# Shaver HD-10



## BWfarms (Aug 3, 2015)

I want reviews on the Shaver HD-10. There's a guy that has them at a steal of a price, just a few hundred dollars more than used ones. I want to outfit it on my CaseIH Farmall 65A since its very fuel efficient and the largest open station I have. It says the pounder needs 12 gpm, but my tractor has 10.4 gpm pump flow and 18.7 gpm total flow. It's an open center fixed displacement gear pump.

All I can figure out is it just takes longer for the ram to raise. The rest is gravity right? Never have owned a hydraulic post driver and can't figure out why the HD-8 only requires 3-4 gpm.


----------



## Vol (Jul 5, 2009)

BWfarms said:


> Never have owned a hydraulic post driver and can't figure out why the HD-8 only requires 3-4 gpm.
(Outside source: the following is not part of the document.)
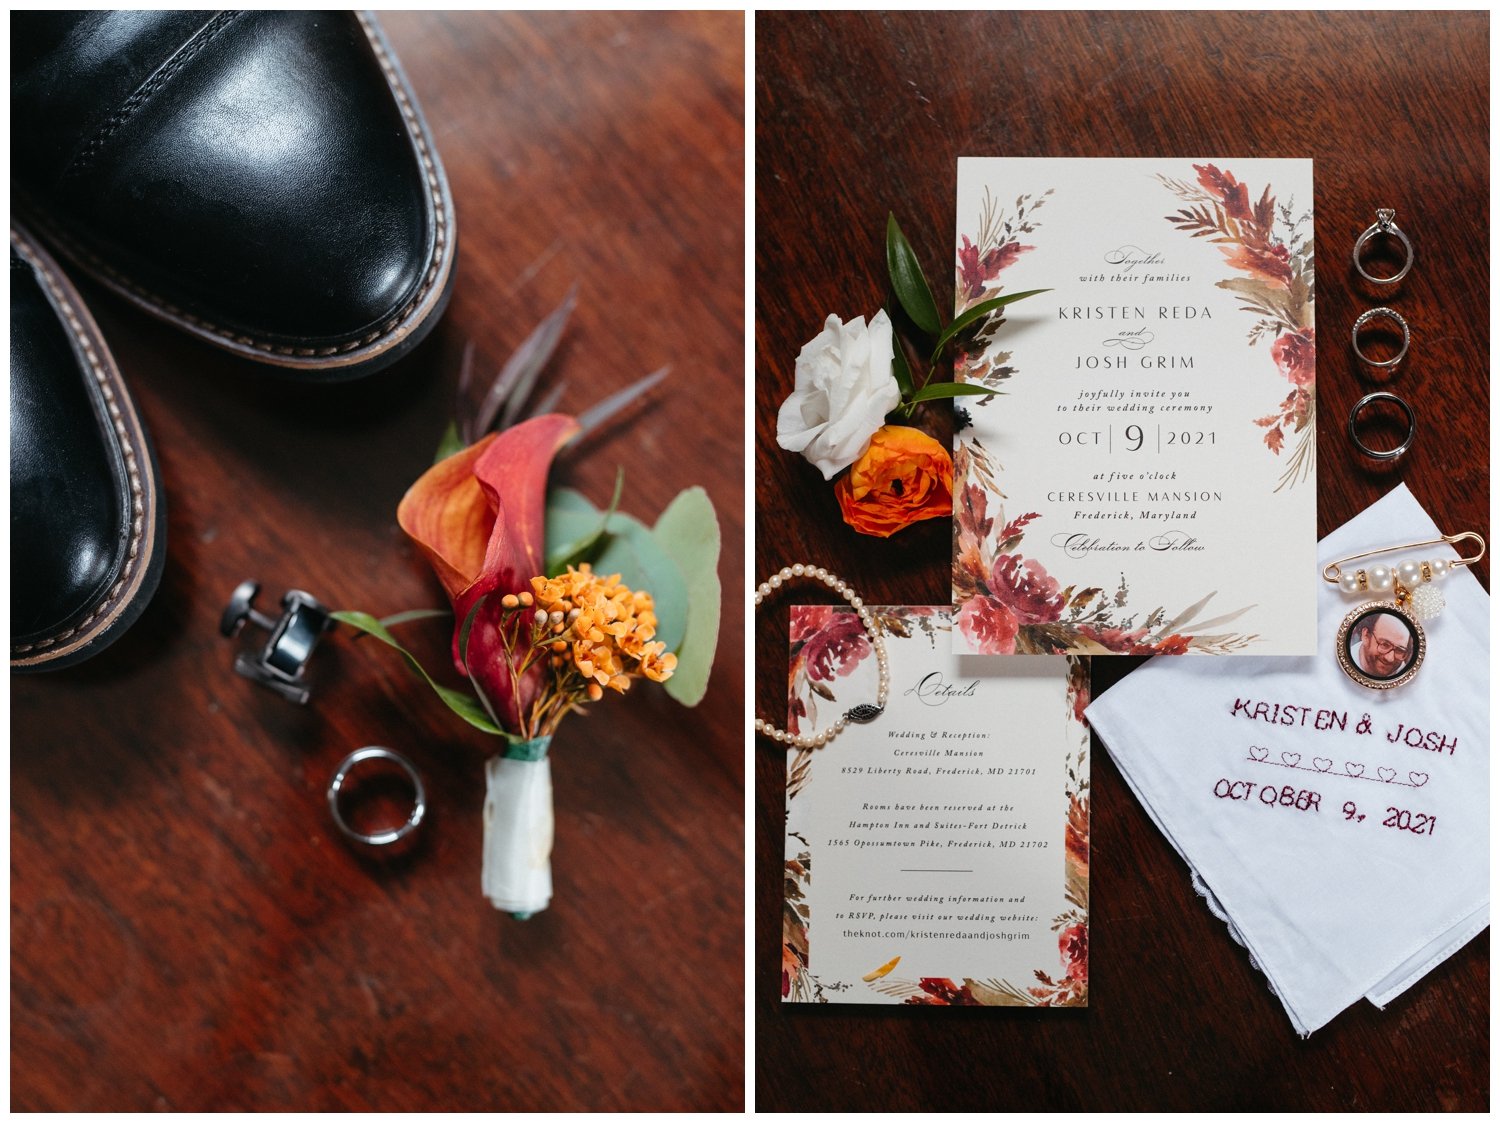 Invitation suite and boutonnière in bright reds and oranges for the intimate destination wedding

The hammer on the 8 weighs about 1/2 what the hammer on the 10 and 12 weighs.

Regards, Mike


----------



## cornshucker (Aug 22, 2011)

You will be fine with your hydraulics we operate a HD-12 on tractor from the early 80's with about 9 GPM and it works fine. Unless you have pretty level land I would opt. for the hydraulic tilt controls instead of the screw jacks.


----------



## Farmerbrown2 (Sep 25, 2018)

We have a ten last time we used it had it on JD 450 track loader don't worry about the flow . Ours came with a valve that you could change to open or closed center hydraulics . Just watch you don't bottom it out dad lent it out to a guy who destroyed the cylinder. Bottom line don't let people borrow it . Also get in the habit of never putting hand on end of post. Over all good machine.


----------



## BWfarms (Aug 3, 2015)

Thanks guys. I would like the hydraulic tilt instead of manual just for convenience but money kind of makes the difference. Trying to decide if $1250 is worth it considering that will buy a lot of fence supplies. I have thought about just using a hydraulic top link. Anybody set up this way? Manual 10 is $3150, Hydraulic 10 is $4400. There is a manual 8 for $2050 and a hydraulic 12 for $5500.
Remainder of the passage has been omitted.